Convergence Dreams Disturbed by Turbulent Content Market
1. Convergence Dreams Disturbed by Turbulent Content Market
Posted by Tony Brown (Guest Blogger)
When it comes to finding out which way an industry is headed there is one sure way to
get it right: Follow the money. You won’t often go far wrong.
That being the case then the recent news that UK-based global mobile operator giant
Vodafone had bid a stunning US$10 billion for Spanish cable operator ONO – coming
on top of its US$10 billion acquisition of Kabel Deutschland last year – is a very telling
sign indeed of where the industry is headed.
Industry folks have long talked about the importance of the quad-play – that is offering
mobile services alongside the classic fixed-line triple-play – not to mention the throwing
around of buzz-words like convergence and fixed-mobile convergence - and now the
industry is finally embracing these trends en masse.
The ‘quad-play’ scenario has become crucial for operators in many developed markets
because it enables them to provision multi-screen services that provide the ‘content
anywhere’ scenarios that subscribers are demanding.
In addition – as is being proven by operators such as Orange in France with its Open
quad-play platform – high-quality fixed + mobile offers bundled with the right content
and applications can help to defend high-value subscribers and keep them out of the
clutches of cut-price competitors.
However, whilst the trend towards quad-play is clear there are clear risks attached to
what Vodafone is doing in terms of acquiring major cable operators.
The biggest risk surrounds the increasing power of Over-the-Top (OTT) players in the
pay TV market – a threat which has resulted in a clear trend towards ‘cord cutting’ in
major cable markets such as the US.
Whilst it is true that cable MSO’s in the US are still keeping those ‘cord cutters’ on board
as broadband subscribers – on significantly higher margins no doubt – they are still at
risk of seeing a big chunk of their business disappear.

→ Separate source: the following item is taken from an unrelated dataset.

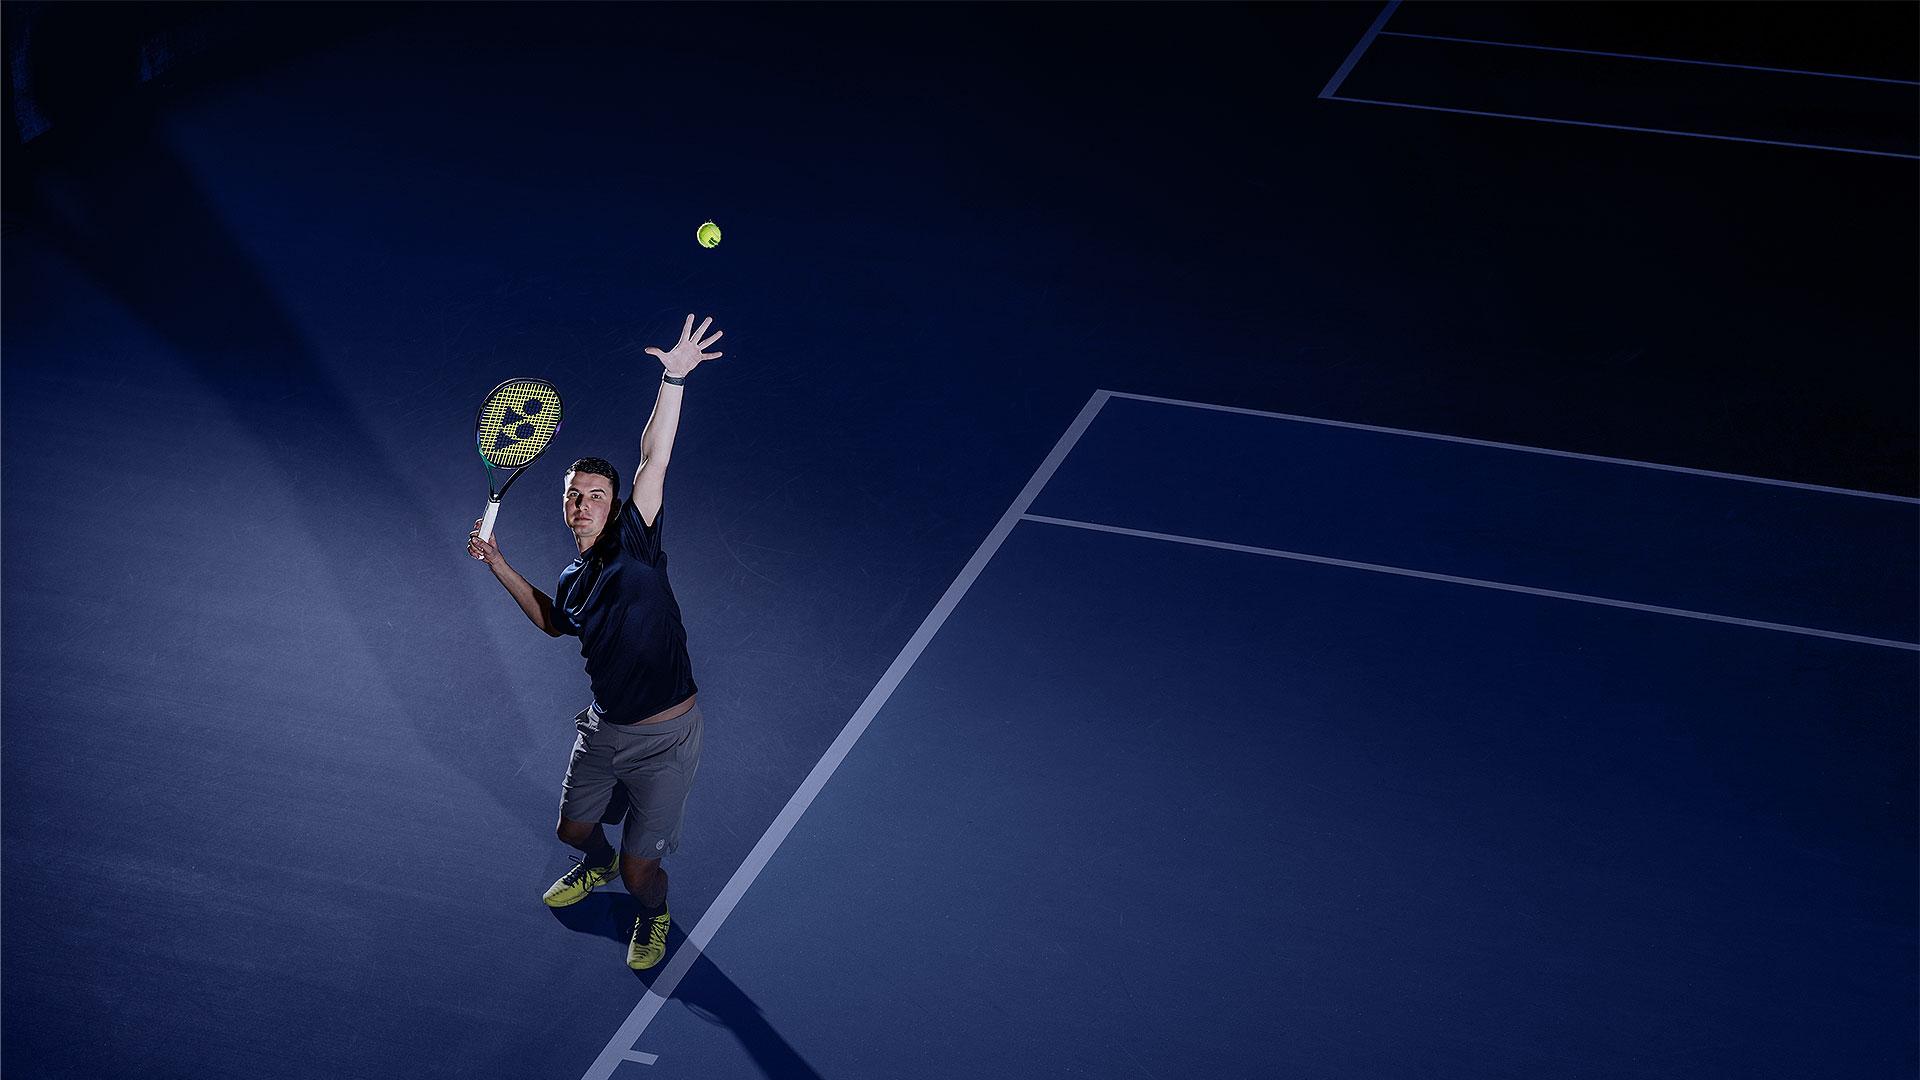 Titelbild von Danubis, zeigt einen Tennisspieler bei einer Angabe.

2. In fact, the cable business is facing a double-whammy of problems that are going to
chip away at its pay TV subscriber base.
Firstly, it looks pretty likely that the arrival of cheap USB-based video-streaming devices
such as Chromecast are going to take the OTT video market to a far higher level of
penetration in the market.
Secondly, whilst the first wave of OTT players were led by the likes of Netflix one can
say with some certainty that the cablecos are about to be hit with a second wave of
competition from new OTT players such as Amazon, Yahoo et al that is going to
squeeze them harder that Netflix ever did.
This means that whilst the quad-play is essentially still a sound strategy with a proven
track record that operators need to think very carefully about the content that they
bundle into their quad-play.
The days of being able to offer – as cable operators have done for so long – a huge and
dominating pay TV package may well be coming to an end with pay TV operators being
forced to adopt a more pragmatic content strategy where they form alliances with OTT
players.
This will not be an easy thing for the cable operators to swallow but the technological
tide is changing the consumer market so quickly that they will need to adapt to the new
environment as fast as possible – or face the consequences.
The reality is that whilst it is a sound strategy for operators to provide constant high-
quality connectivity to subscribers that they are going to have to accept – however
grudgingly – that a big chunk of the video content going over those pipes is going to
come from the OTT players.
This is going to be a particularly tricky road for a player like Vodafone to follow given its
lack of experience in the pay TV field - we have seen many examples in the global
market of inexperienced telcos getting their fingers burnt in the pay TV market by being
overly aggressive.
We have already seen signs of cable operators swallowing their pride and working with
the OTT players – with the deal between Virgin Media and Netflix in the UK a good
example – and we will no doubt see plenty more as reality bites.